Google has serious work to do in making the Google Compute Engine a top choice for enterprises. For one thing, Google has not (yet) opened a marketplace of services on par with AWS. Such a step could help Google in its efforts to drive more developers onto GCE.
What developers think
Google has a few opportunities to gain marketshare with GCE. One startup I spoke with has run workloads on Google App Engine (GAE) for a few years but still does data analysis and data mining on on-premise servers. Since GAE and GCE hook in well with each another, the startup is looking at moving the on-prem activities to GCE. Another area of opportunity is around using GCE for narrowly tailored high-performance workloads that scale out. Engineers at one major retailer in the United States said they were exploring public clouds for certain jobs, and Google Compute Engine is a possibility for exactly this sort of thing. Generally speaking, strong results could lead to larger deployments beyond tests and lower-priority applications.
Developers praised Google for introducing granular pricing down to the minute instead of the hour after a 10-minute minimum and increasing the size of a persistent disk from 1 TB to 10 TB.
But just as AWS has had notable service issues, Google App Engine, the Platform-as-a-Service (PaaS) piece of the Google Cloud Platform, has had multiple service disruptions of its own, and that doesn’t help adoption.
Plus, several developers noted that Amazon was the forerunner in the AWS market, which seems to be a major reason why Google faces a steep road.

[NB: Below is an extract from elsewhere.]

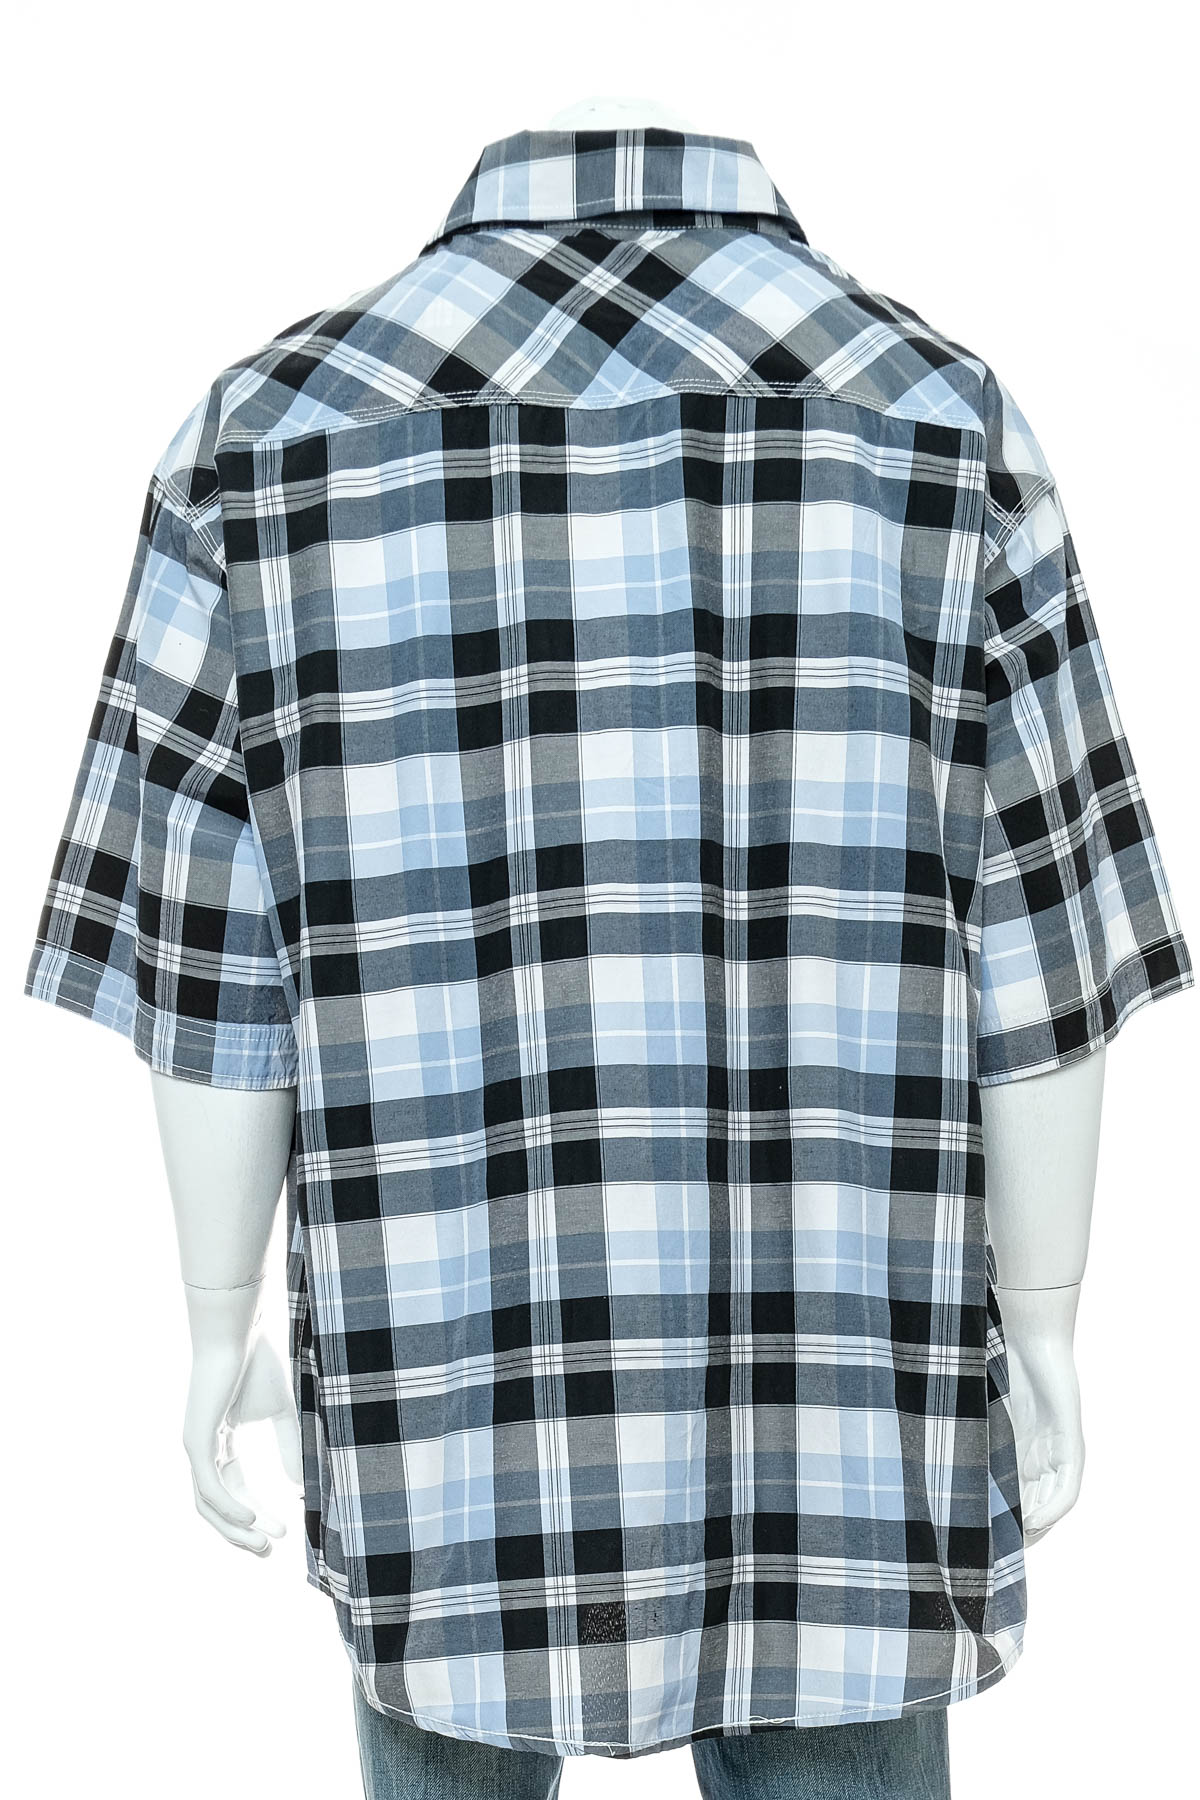 Ανδρικό πουκάμισο - Ecko Unltd - 1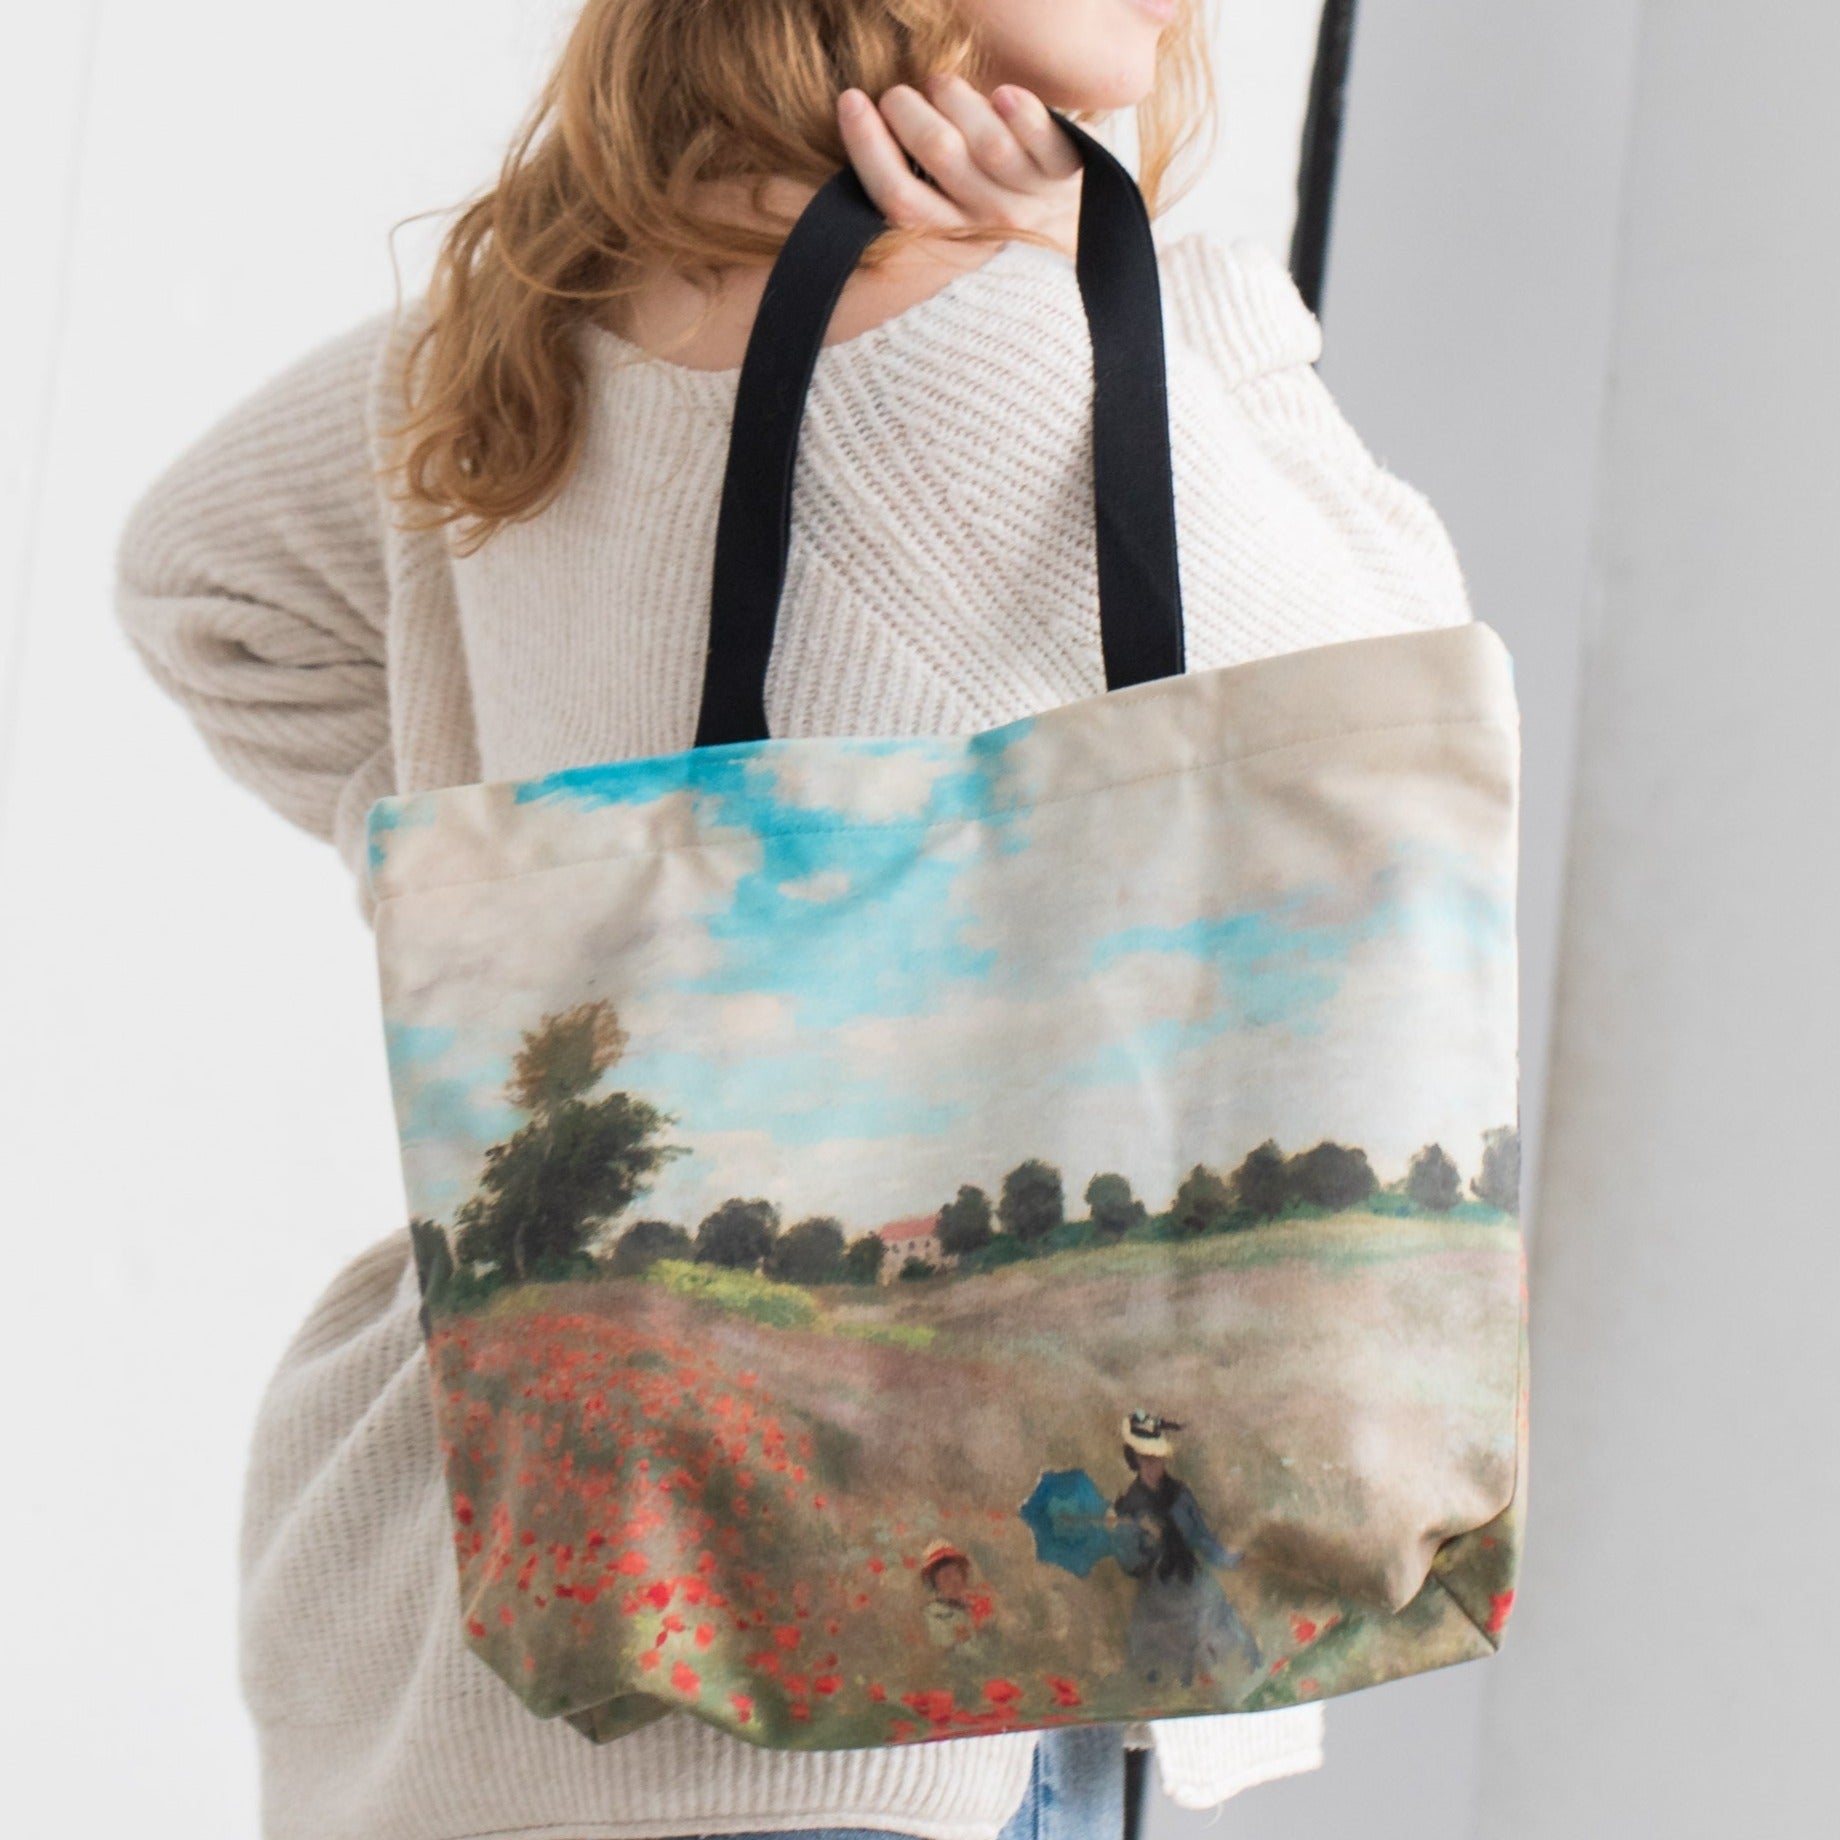 Pirkinių krepšys Claude Monet "Poppies"

One developer said his hosted VoIP company just moved from on-premise servers to AWS. Translation: Too little, too late, Google.
The lock-in question
However long it takes for Google Compute Engine to get on the board in the IaaS conversation, the ease of migration from AWS and other IaaS providers to Google will eventually become a hot topic. What sort of lock-in issues could arise? That’s been a good question since cloud computing took off a few years ago and as options have proliferated. Amazon in particular has faced criticism on the lock-in point.
Performance is a whole other matter. Will GCE be a kind of exotic car of public clouds? Different customers will have different answers to that question, as not all workloads were created equal. Benchmarks attempt to give some insight into this, but they have drawbacks.
As developers try spinning up instances on GCE and do comparisons for themselves, the subject of price will come up. Google foresees more price cuts to its cloud services, as it’s in the company’s best interests to make its infrastructure as efficient as possible. That could entice more enterprises to join in. At the same time, AWS is likely to keep growing, slashing its prices and speedily bolting down enterprise customers. (To get a peek at what Amazon has in mind, check out GigaOM’s Structure conference in San Francisco on June 19, when Werner Vogels, Amazon’s chief technology officer, will take the stage.)
However the game plans play out, Google is optimistic at the moment. “It’s obviously a hugely important use case for us, a hugely important customer set,” DeMichillie said of enterprise users. “It’s early days, but we think over the next 12 months, we expect to see a pretty big upswing in that.”